LONDON (Reuters) – The government is to give 70 million pounds of extra funding to the BBC World Service to help fund a Persian-language television news channel aimed at Iran and enhance a forthcoming Arabic channel.
The two channels are the first television news services to be launched by the BBC in a decade and the first time the Foreign Office has given money for a specific TV service.
The World Service will receive the 70 million pounds over a three-year period. The funding was announced by Chancellor Alistair Darling on Tuesday.
The corporation said last year that it planned to start a Persian-language television news channel and the confirmed funding from the government will allow the launch to go ahead next year. The channel will be editorially independent.

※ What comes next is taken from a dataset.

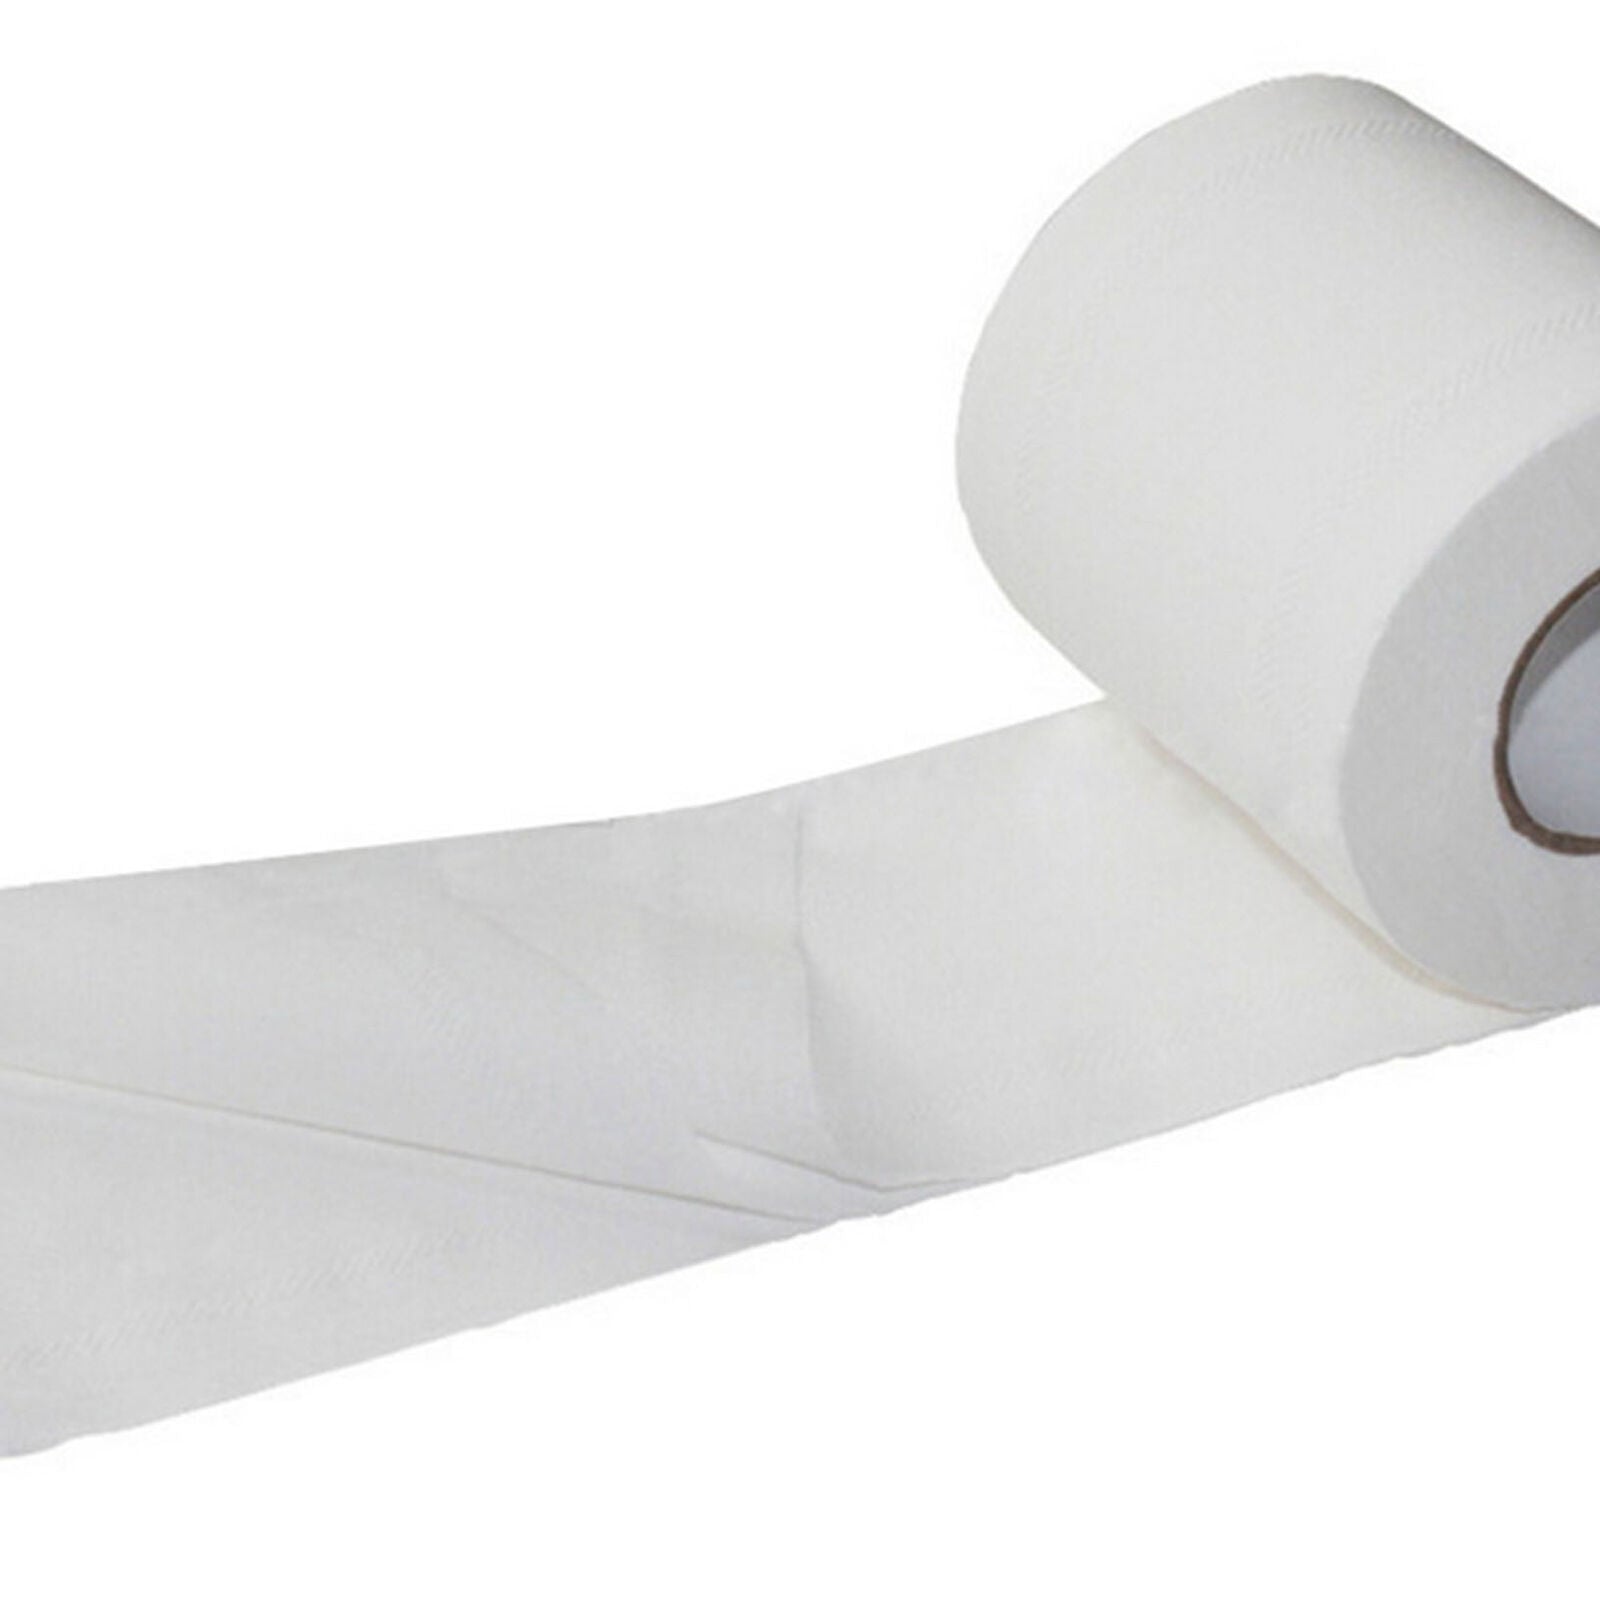 Household 10 Rolls Paper Bulk Rolls Bath Tissue Bathroom White Soft 3 Ply

It will be based in London, broadcasting for eight hours a day at peak Iranian viewing time, and freely available to anyone with a satellite dish or cable connection in the region.
Satellite dishes are officially banned in Iran but the rule is widely flouted, despite sporadic crackdowns.
The BBC said the television service would complement its existing Persian radio and online services although Iranian authorities have partially blocked the BBC’s Persian-language Web site after accusing it of an “anti-Iranian tendency”.
The extra funding will also allow the World Service to enhance plans for its forthcoming Arabic language television news and information channel, moving it to a 24-hour service from the originally planned 12 hours a day.
BBC World Service Director Nigel Chapman said the channels would provide increased opportunity for dialogue and debate which could be a valuable asset “for audiences in this troubled region”.